■ Problem to work on
Starting at the line that contains "Flowers: Sparkles Orchid", repeat each line exactly until the records end, keeping both the first and the last.

■ Collected data entries

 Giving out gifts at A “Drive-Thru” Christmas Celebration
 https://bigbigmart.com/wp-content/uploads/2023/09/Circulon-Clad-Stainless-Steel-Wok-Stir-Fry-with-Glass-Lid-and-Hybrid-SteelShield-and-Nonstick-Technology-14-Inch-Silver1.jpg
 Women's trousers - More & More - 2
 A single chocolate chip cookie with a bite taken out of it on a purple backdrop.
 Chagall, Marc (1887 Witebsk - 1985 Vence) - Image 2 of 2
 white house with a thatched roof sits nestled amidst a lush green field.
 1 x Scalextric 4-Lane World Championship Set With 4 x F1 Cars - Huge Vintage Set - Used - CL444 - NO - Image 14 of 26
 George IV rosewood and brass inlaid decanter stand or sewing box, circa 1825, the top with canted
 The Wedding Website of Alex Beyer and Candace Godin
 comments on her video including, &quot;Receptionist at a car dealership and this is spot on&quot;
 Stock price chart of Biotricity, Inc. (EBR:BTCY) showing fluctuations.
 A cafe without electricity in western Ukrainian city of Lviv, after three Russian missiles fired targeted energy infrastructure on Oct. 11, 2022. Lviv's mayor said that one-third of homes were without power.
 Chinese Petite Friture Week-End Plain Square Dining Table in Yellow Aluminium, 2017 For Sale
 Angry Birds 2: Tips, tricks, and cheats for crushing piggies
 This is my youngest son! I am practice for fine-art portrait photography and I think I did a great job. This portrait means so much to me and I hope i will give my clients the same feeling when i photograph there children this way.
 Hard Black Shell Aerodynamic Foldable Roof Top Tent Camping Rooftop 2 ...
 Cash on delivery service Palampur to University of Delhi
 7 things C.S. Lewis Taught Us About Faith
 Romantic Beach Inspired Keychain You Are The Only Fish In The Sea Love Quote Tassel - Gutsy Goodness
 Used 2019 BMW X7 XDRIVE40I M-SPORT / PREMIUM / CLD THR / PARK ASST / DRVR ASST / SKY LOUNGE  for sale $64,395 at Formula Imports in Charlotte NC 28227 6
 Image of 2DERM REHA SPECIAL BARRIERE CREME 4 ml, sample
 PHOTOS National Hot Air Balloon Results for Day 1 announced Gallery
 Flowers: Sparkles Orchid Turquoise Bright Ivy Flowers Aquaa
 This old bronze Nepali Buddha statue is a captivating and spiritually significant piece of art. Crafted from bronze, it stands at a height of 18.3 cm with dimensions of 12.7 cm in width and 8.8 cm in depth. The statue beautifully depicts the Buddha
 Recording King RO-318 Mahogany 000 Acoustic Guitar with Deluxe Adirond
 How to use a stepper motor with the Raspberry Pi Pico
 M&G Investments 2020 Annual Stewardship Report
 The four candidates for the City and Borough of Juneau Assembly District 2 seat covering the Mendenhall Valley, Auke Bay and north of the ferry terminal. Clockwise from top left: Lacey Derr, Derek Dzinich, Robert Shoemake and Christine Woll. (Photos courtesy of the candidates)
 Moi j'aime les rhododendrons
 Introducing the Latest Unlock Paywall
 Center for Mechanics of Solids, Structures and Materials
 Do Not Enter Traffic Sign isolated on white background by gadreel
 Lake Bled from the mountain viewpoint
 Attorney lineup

■ Exercise output
 Flowers: Sparkles Orchid Turquoise Bright Ivy Flowers Aquaa
 This old bronze Nepali Buddha statue is a captivating and spiritually significant piece of art. Crafted from bronze, it stands at a height of 18.3 cm with dimensions of 12.7 cm in width and 8.8 cm in depth. The statue beautifully depicts the Buddha
 Recording King RO-318 Mahogany 000 Acoustic Guitar with Deluxe Adirond
 How to use a stepper motor with the Raspberry Pi Pico
 M&G Investments 2020 Annual Stewardship Report
 The four candidates for the City and Borough of Juneau Assembly District 2 seat covering the Mendenhall Valley, Auke Bay and north of the ferry terminal. Clockwise from top left: Lacey Derr, Derek Dzinich, Robert Shoemake and Christine Woll. (Photos courtesy of the candidates)
 Moi j'aime les rhododendrons
 Introducing the Latest Unlock Paywall
 Center for Mechanics of Solids, Structures and Materials
 Do Not Enter Traffic Sign isolated on white background by gadreel
 Lake Bled from the mountain viewpoint
 Attorney lineup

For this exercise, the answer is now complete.